(WORKING DATA Opens)

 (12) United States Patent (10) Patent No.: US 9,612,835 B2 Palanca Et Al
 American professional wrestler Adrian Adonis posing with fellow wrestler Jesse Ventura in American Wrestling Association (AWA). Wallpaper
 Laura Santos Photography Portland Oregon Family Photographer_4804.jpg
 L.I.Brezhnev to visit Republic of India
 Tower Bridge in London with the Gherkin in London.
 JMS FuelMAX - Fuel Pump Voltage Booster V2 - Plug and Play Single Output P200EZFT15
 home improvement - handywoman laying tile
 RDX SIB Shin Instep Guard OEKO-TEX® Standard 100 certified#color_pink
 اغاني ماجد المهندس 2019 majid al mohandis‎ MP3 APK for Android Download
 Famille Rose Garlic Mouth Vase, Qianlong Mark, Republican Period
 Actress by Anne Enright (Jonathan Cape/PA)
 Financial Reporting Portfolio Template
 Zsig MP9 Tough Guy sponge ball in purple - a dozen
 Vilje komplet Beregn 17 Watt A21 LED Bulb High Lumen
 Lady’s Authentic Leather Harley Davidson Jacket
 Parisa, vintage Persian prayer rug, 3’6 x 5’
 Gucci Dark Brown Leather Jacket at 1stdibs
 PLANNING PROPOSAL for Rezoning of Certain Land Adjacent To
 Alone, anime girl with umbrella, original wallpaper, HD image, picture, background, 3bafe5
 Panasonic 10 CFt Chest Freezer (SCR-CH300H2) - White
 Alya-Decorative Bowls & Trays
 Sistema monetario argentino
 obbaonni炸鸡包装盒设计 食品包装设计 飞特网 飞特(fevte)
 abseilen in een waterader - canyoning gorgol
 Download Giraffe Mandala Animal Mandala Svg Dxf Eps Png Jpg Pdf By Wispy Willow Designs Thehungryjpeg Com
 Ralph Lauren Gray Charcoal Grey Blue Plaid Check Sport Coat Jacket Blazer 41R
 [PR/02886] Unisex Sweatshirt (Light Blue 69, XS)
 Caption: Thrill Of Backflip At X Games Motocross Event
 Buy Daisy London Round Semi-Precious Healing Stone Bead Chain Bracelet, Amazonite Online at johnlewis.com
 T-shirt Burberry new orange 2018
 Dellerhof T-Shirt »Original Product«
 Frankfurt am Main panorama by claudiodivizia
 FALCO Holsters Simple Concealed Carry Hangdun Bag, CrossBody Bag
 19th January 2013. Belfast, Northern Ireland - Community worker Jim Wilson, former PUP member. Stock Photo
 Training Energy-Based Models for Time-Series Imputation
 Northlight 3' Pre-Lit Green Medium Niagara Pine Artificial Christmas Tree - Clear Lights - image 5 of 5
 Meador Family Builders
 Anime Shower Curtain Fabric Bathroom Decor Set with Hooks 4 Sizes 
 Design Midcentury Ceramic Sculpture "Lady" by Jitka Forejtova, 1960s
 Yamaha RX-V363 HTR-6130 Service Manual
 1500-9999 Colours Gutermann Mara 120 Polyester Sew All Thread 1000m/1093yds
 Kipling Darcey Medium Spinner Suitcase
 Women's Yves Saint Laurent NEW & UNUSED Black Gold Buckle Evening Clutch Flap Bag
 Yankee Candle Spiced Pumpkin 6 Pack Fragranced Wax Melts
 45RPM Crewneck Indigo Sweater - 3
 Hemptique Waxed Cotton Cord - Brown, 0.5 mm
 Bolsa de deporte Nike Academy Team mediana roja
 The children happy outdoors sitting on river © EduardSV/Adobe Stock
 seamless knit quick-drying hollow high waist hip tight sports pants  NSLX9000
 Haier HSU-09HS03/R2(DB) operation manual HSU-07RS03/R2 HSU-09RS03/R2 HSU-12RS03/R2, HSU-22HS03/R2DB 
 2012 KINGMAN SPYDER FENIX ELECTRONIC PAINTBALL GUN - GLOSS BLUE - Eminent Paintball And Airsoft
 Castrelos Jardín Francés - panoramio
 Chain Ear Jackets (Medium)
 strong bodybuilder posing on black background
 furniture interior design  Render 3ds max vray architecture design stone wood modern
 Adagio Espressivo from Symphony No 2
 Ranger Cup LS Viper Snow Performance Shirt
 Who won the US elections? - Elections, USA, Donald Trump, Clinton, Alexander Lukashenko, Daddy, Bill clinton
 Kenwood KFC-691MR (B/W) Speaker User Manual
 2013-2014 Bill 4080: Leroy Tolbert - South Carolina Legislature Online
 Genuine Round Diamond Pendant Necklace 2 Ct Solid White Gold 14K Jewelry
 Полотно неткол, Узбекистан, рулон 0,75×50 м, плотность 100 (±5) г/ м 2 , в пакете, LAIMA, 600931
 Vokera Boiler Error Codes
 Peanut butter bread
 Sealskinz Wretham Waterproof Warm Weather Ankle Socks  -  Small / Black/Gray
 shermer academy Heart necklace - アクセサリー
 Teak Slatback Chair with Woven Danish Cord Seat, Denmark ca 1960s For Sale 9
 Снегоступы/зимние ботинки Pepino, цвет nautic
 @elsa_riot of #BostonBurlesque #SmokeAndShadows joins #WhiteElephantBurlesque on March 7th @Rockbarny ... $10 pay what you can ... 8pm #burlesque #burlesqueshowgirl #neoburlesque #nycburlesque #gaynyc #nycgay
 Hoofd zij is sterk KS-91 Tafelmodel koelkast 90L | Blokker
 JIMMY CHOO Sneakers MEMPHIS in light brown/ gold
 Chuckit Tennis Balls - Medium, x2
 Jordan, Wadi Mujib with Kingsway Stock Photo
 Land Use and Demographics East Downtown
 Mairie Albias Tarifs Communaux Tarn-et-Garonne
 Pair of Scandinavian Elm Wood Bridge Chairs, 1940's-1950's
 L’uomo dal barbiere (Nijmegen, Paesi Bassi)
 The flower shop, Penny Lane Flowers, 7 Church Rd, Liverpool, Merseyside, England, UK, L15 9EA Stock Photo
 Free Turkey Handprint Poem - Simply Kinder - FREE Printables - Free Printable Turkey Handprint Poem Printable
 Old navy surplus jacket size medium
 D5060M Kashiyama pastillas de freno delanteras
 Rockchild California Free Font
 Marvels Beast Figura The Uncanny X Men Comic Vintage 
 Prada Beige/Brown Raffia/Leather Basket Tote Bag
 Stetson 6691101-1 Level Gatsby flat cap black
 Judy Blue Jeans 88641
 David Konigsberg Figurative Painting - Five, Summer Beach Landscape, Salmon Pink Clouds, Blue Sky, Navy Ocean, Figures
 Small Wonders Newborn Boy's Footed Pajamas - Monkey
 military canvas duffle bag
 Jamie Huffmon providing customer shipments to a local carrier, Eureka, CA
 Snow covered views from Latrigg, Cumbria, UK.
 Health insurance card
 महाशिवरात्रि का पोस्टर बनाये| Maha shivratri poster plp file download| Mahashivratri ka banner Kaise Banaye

(WORKING DATA Closes)

**PROBLEM REQUIREMENTS**. Beginning at the line that holds "Snow covered views", write out word for word each line through the end of the records.

**OUTPUT FOR THIS TASK**.
 Snow covered views from Latrigg, Cumbria, UK.
 Health insurance card
 महाशिवरात्रि का पोस्टर बनाये| Maha shivratri poster plp file download| Mahashivratri ka banner Kaise Banaye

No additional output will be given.